The Incision lines are one-dimensional and thus have no thickness and therefore bypass all resistance. Because the lines possess length but no width or depth, they therefore occupy no volume and possess infinite sharpness.
Both worked fine and needed around the same amount of attention as swatting flies, which was the part he was trying not to think about too hard right now.
Jason, he kept thinking instead. Jason, Beast Glades, active. Jason, beige suit, blond hair, A-class subjugation missions. Jason who was there that day and thought nothing of it~.
He'd memorized the profile paper before he left the park. He didn't need to look at it again.

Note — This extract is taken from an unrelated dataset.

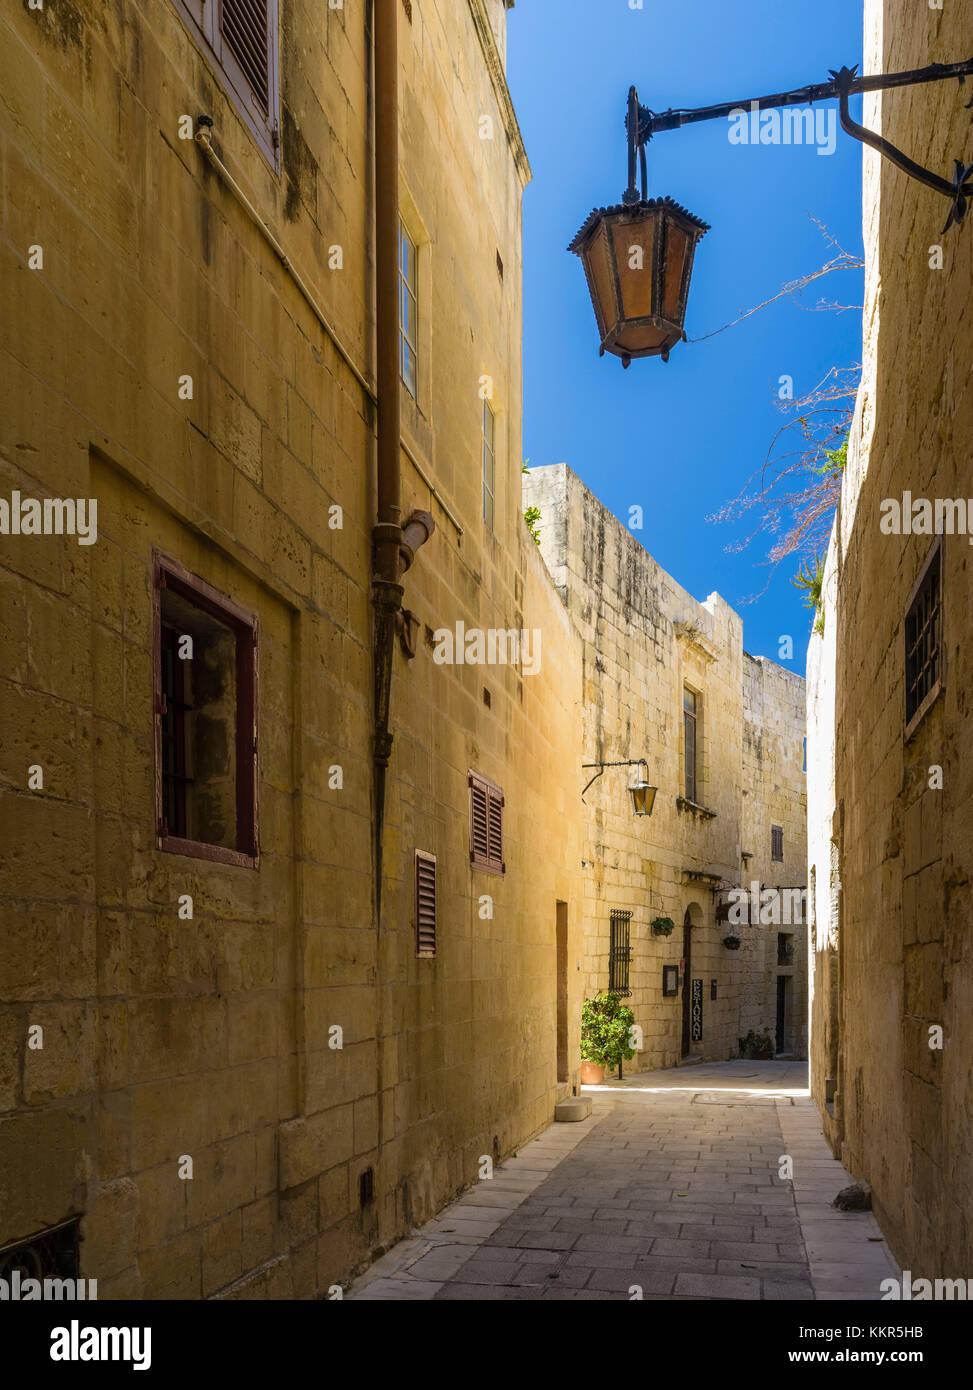 Malerische Gasse in der alten Hauptstadt von Malta, mdina Stockbild

He walked for an hour more.
Then he felt a large pulse of mana, several kilometers back in the direction he'd come from. He folded the papers into his coat, pushed off the ground and into the air, and flew the distance in a few minutes.
I should've known I already passed by him.

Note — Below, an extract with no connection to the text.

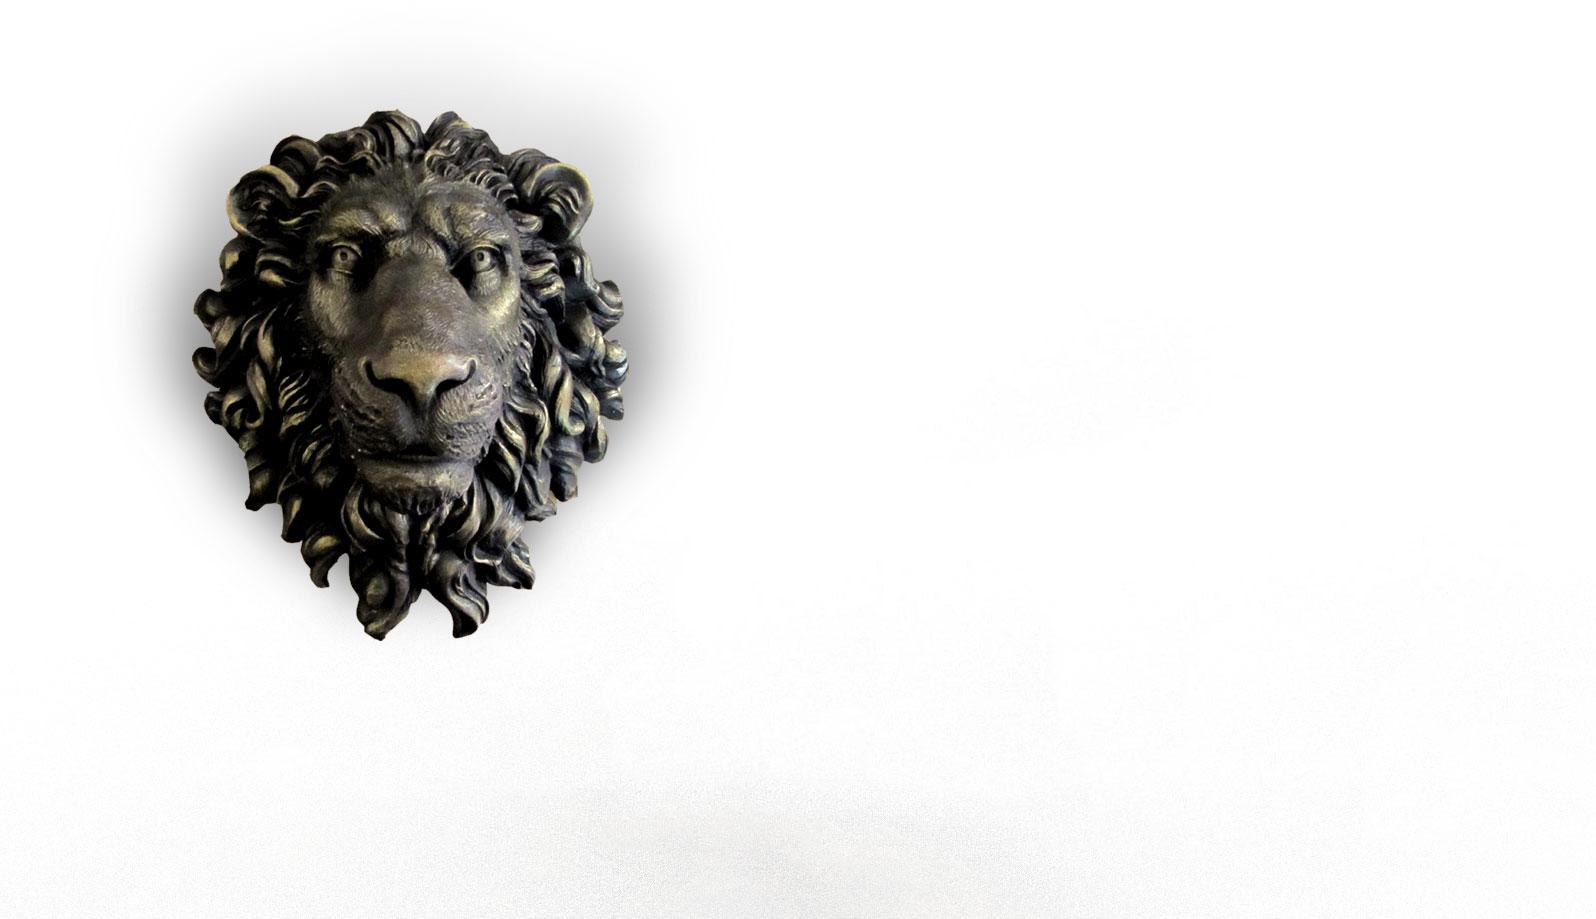 basorelief din bronz cap de leu detalii realiste

He arrived at a scene that was already mostly finished.
The place was a torn-up clearing with several bodies of lower-ranked adventurers on the ground — B or C-class by the look of their gear. They looked like a team that had clearly run into something they couldn't handle. The A-class beast responsible was also on the ground, very very dead, and standing over it was a man Lymur recognized immediately from the profile paper.
There's my boy.
Jason was very tall, broad through the shoulders, wearing a beige suit that had no business being in the Beast Glades and had his blonde hair slicked back. The face was the thing that stuck though, it was wide and smiling and it was creepy — and ugly, Lymur made sure to add.
He was crouched beside one of the injured adventurers. From a distance it might have looked like he was helping.

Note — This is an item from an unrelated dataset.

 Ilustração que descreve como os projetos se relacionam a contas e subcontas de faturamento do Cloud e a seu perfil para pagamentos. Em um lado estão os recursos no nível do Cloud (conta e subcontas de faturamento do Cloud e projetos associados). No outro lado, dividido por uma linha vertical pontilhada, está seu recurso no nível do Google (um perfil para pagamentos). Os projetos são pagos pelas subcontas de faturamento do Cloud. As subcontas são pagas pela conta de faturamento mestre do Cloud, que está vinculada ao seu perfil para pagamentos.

But no, he was snapping their fingers and immediately after, plucked them. One at a time, working through the hand, laughing quietly at each one. The adventurer on the ground was making noises that sounded like it travelled the entire Beast Glades.
Lymur watched this for a moment.
Then he walked into the open space.
The sound of his footstep on the dirt was enough. Jason looked up and saw who it was and was on his feet instantly. He immediately raised his hands as a sign of surrender and his smile changed into something that worked hard to look innocent.
"Lymur!" He said it with the warmth of running into an old friend. "Perfect timing, honestly. These poor guys — monsters got them bad, I only just found them. I already handled the beast but — " he gestured at the adventurers with genuine-looking regret, " — honestly it was already too late by the time I got here. Terrible thing. Really." He shook his head slowly. "The Glades have been especially rough lately, I think something's disrupted the migration routes and the beasts have been ranging further than — "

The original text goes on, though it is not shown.